6 × 3 in. = 18 inches
Answer: 18 inches [314.28]
Pull box sizing (Example 2)
Let's say a pull box contains a trade size 2 and trade size 3 raceway on the left side, a trade size 3 raceway on the top, and a trade size 2 raceway on the right side. The trade size 2 raceways are a straight pull, and the trade size 3 raceways are an angle pull. Again, you have to determine three numbers, so you'll probably want to draw this on paper.
What is the horizontal dimension of the box?
Left to right straight pull 8 × 2 inches = 16 inches
Right to left straight pull 8 × 2 inches = 16 inches
Left to right angle pull (6 × 3 inches) + 2 inches = 20 inches
Right to left angle pull No calculation
Answer: 20 inches [314.28(A)(2)]
What is the vertical dimension of the box?

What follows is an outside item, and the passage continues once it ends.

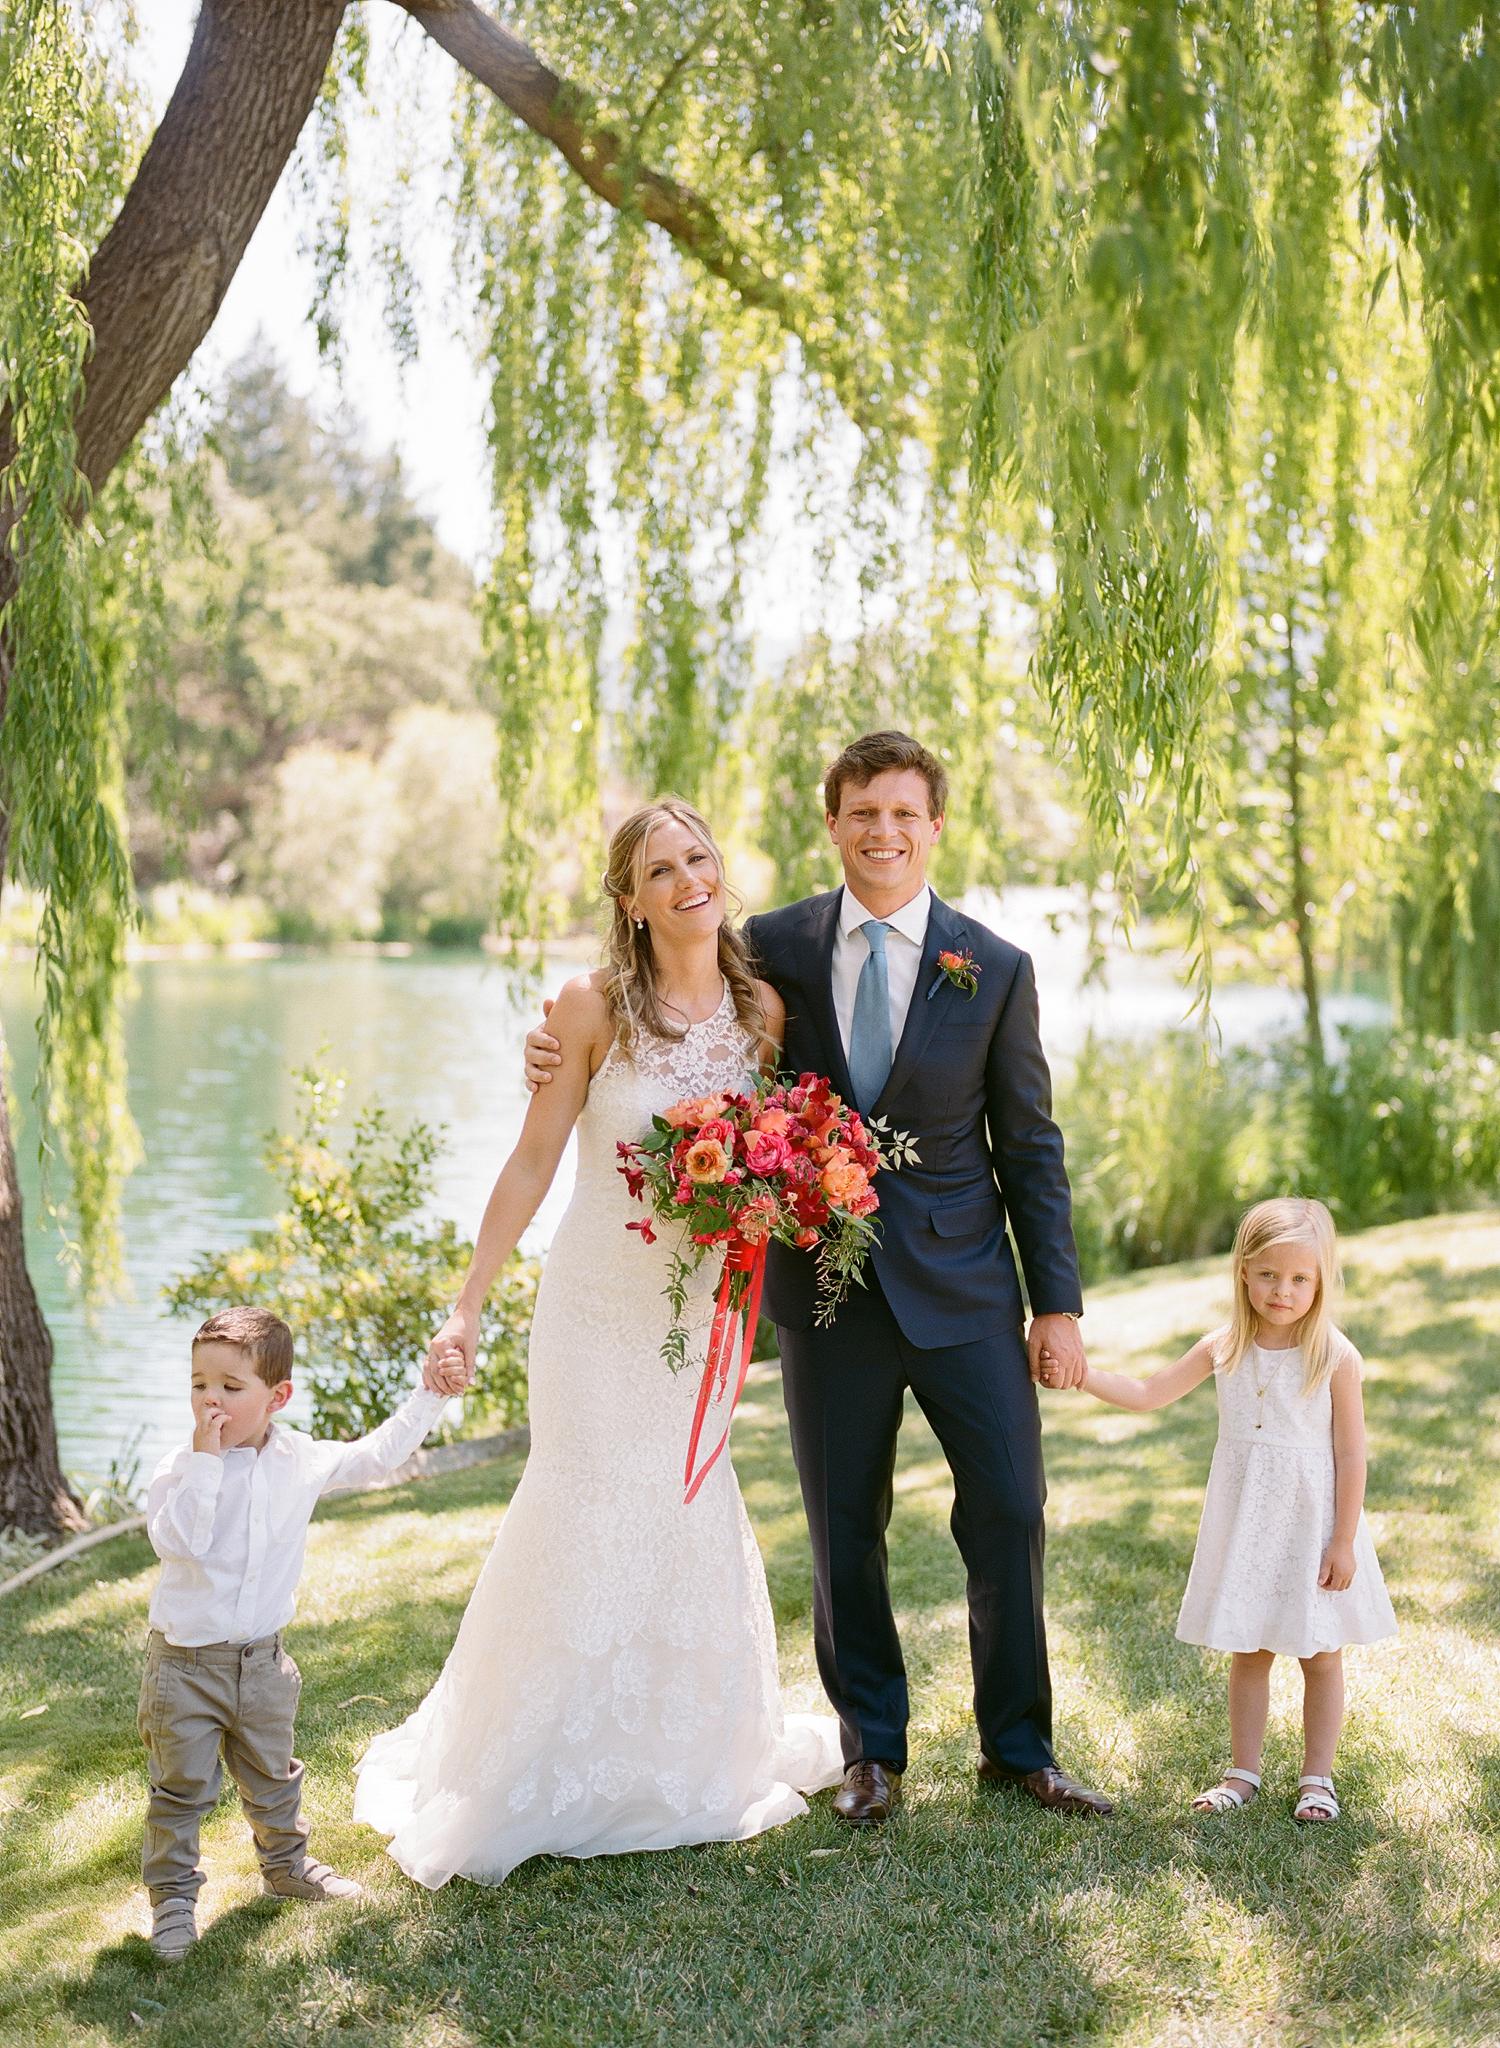 15-bride-groom-little-attendants.jpg

Top to bottom straight No calculation
Bottom to top straight No calculation
Top to bottom angle 6 × 3 inches = 18 inches
Bottom to top angle No calculation
Answer: 18 inches [314.28(A)(2)]
If the two trade size 3 raceways contain the same conductors, what is the minimum distance between these raceways?
6 × 3 inches = 18 inches
Answer: 18 inches [314.28(A)(2)]
Avoiding errors
How can you prevent junction box and handhole enclosure sizing errors on your electrical projects? One of the most common mistakes is to calculate for the wrong wall of the box. To avoid that particular mistake, draw out the problem so you can see what you're doing instead of having to juggle things around in your head.
Before your next project arrives with a deadline that's ridiculous — but must be met anyhow — become a junction box sizing whiz by practicing. If you don't have a previous job to use as practice, then create your own practice exercises. Use Examples 1 and 2 again, but just change the numbers. Each time you do one, you'll get a little faster. Then when you need to quickly and correctly size your junction boxes, you'll be completely up to speed.
Sidebar: Sizing Steps
Step 1: Always draw out the problem.
Step 2: Calculate the horizontal distance(s):
 Left to right straight calculation
 Right to left straight calculation
 Left to right angle or U pull calculation
 Right to left angle or U pull calculation
Step 3: Calculate the vertical distance(s):
 Top to bottom straight calculation
 Bottom to top straight calculation
 Top to bottom angle or U pull calculation
 Bottom to top angle or U pull calculation
Step 4: Calculate the distance between raceways enclosing the same conductors.